It comes useful if you are one of the following types of users:

  1. Feature Selection / Feature Ranker algorithm authors. You are the author of a novel Feature Selection algorithm. Now, you have to prove the performance of your algorithm against other competitors. Therefore, you are going to run a large-scale benchmark. Many authors, however, spend much time rewriting similar pipelines to benchmark their algorithms. fseval helps you run benchmarks in a structured manner, on supercomputer clusters or on the cloud.
  2. Interpretable AI method authors. You wrote a new Interpretable AI method that aims to find out which features are most meaningful by ranking them.
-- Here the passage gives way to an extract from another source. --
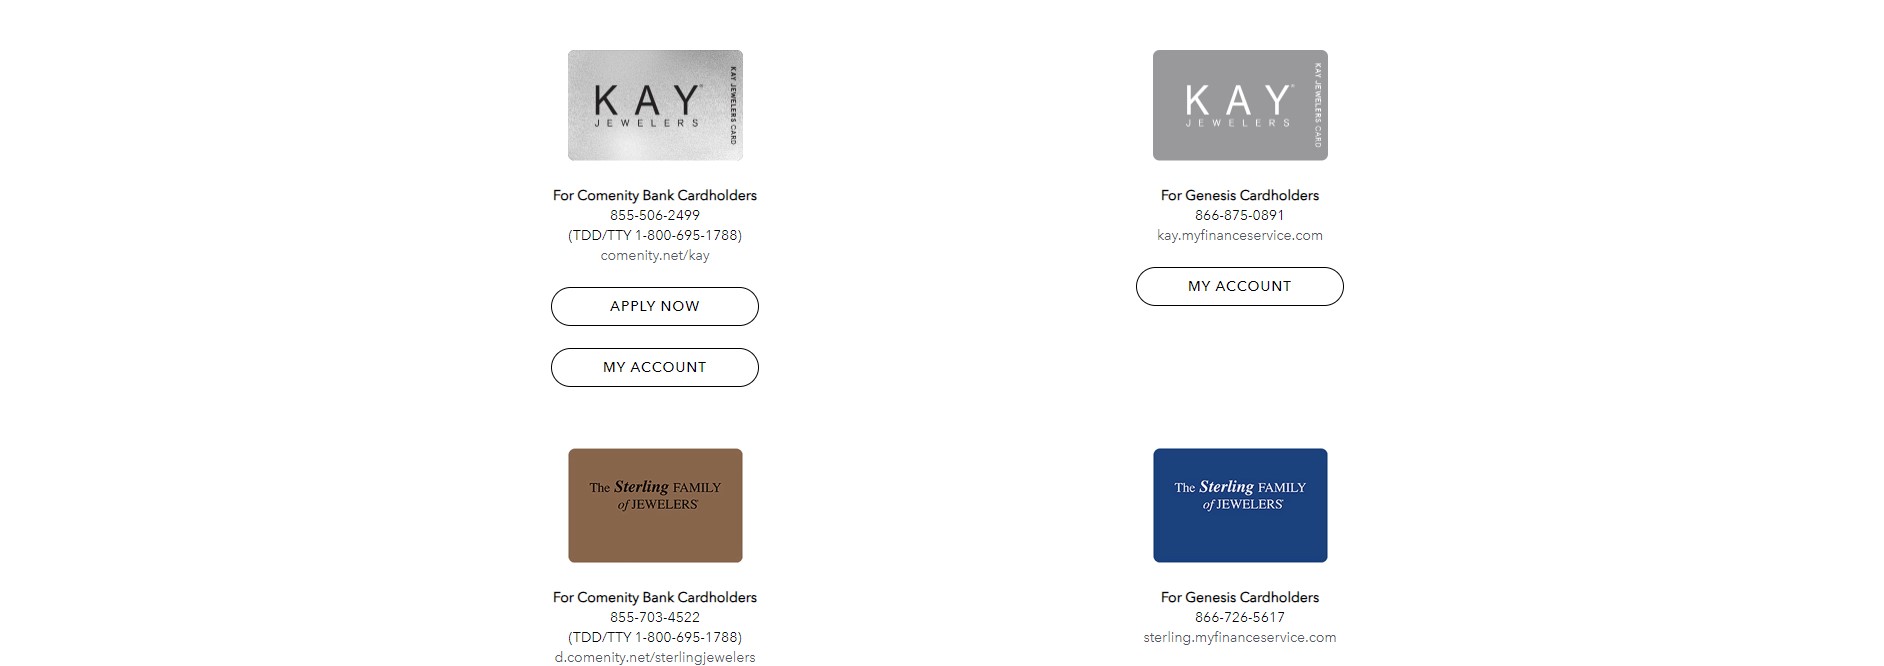 Types of Kay Jewelers Credit Cards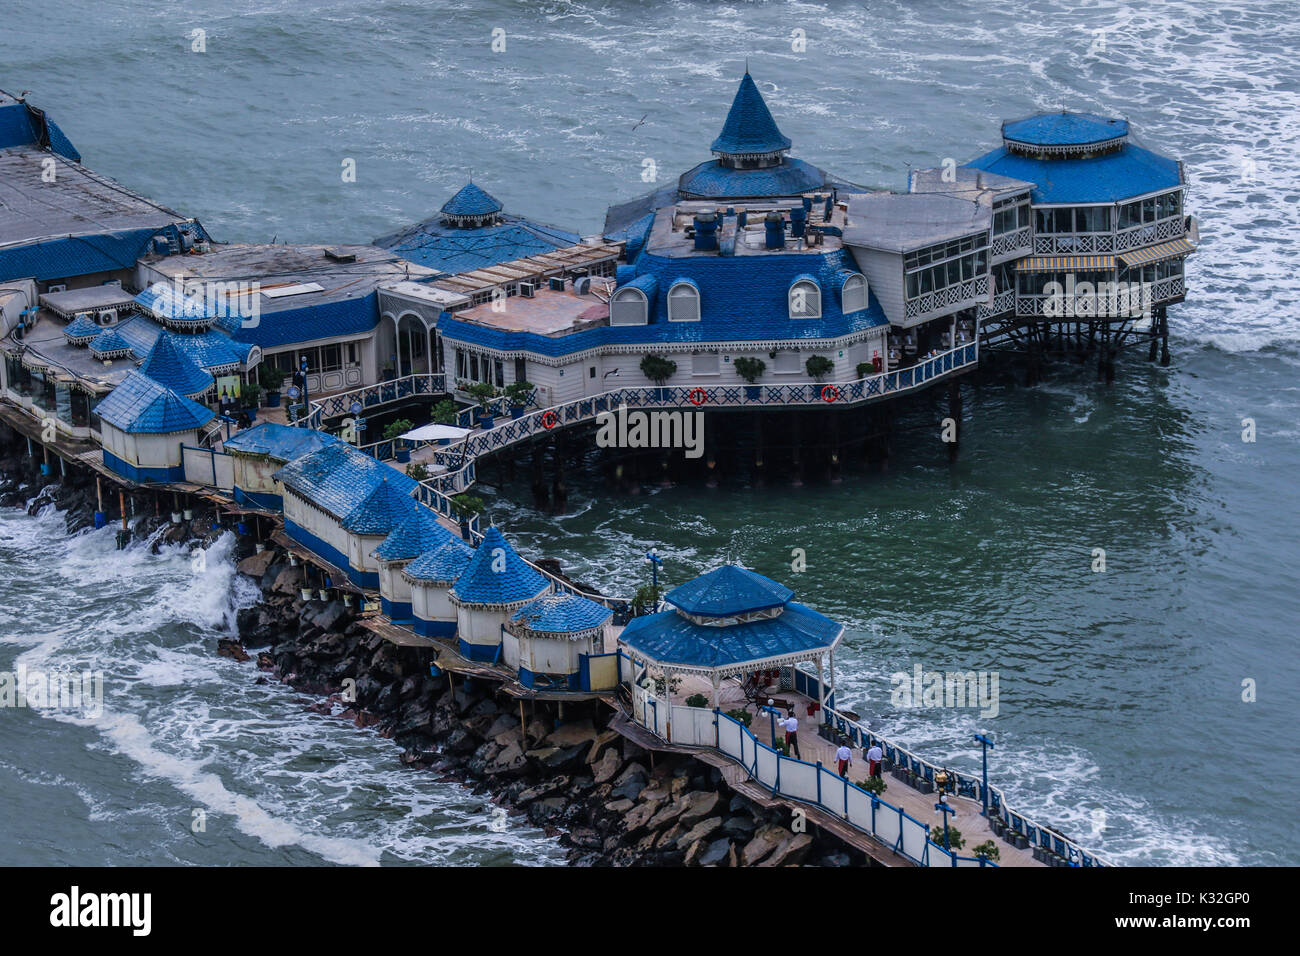 Surf, lookout and dock of the Waikiki beach of the tourist area of Miraflores in the capital city of Lima in Peru. Surfers, waves, sea, ocean open sea Stock Photo

Now, the challenge is to find out how well your method ranked those features. fseval can help with this.
  3. Machine Learning practitioners. You have a dataset and want to find out with exactly what features your models will perform best. You can use fseval to try multiple Feature Selection or Feature Ranking algorithms.

Statement of Need

About benchmarking Feature Selection and Feature Ranking algorithms

Feature Selection (FS) and Feature Ranking (FR) are extensively researched topics within machine learning (Venkatesh et al, 2019, Guyon et al, 2003). FS methods determine subsets of relevant features in a dataset, whereas FR methods rank the features in a dataset relative to each other in terms of their relevance. When a new FS or FR method is developed, a benchmarking scheme is necessary to empirically validate its effectiveness. Often, the benchmark is conducted as follows: features are ranked by importance, then the predictive quality of the feature subsets containing the top ranked features is evaluated using a validation estimator. Some studies let the competing FS or FR algorithms pick out a fixed number of top k features and validate the performance of that feature subset (Roffo et al, 2015, Zhao et al, 2007, Bradley et al, 1998), whilst others evaluate multiple subsets of increasing cardinality containing the highest ranked features (Wojtas et al, 2022, Bennasar et al, 2015, Gu et al, 2012, Peng et al, 2005, Kira et al, 2005, Almuallim et al, 1991). FS algorithms that only make a binary prediction on which features to keep, are always evaluated in the former way.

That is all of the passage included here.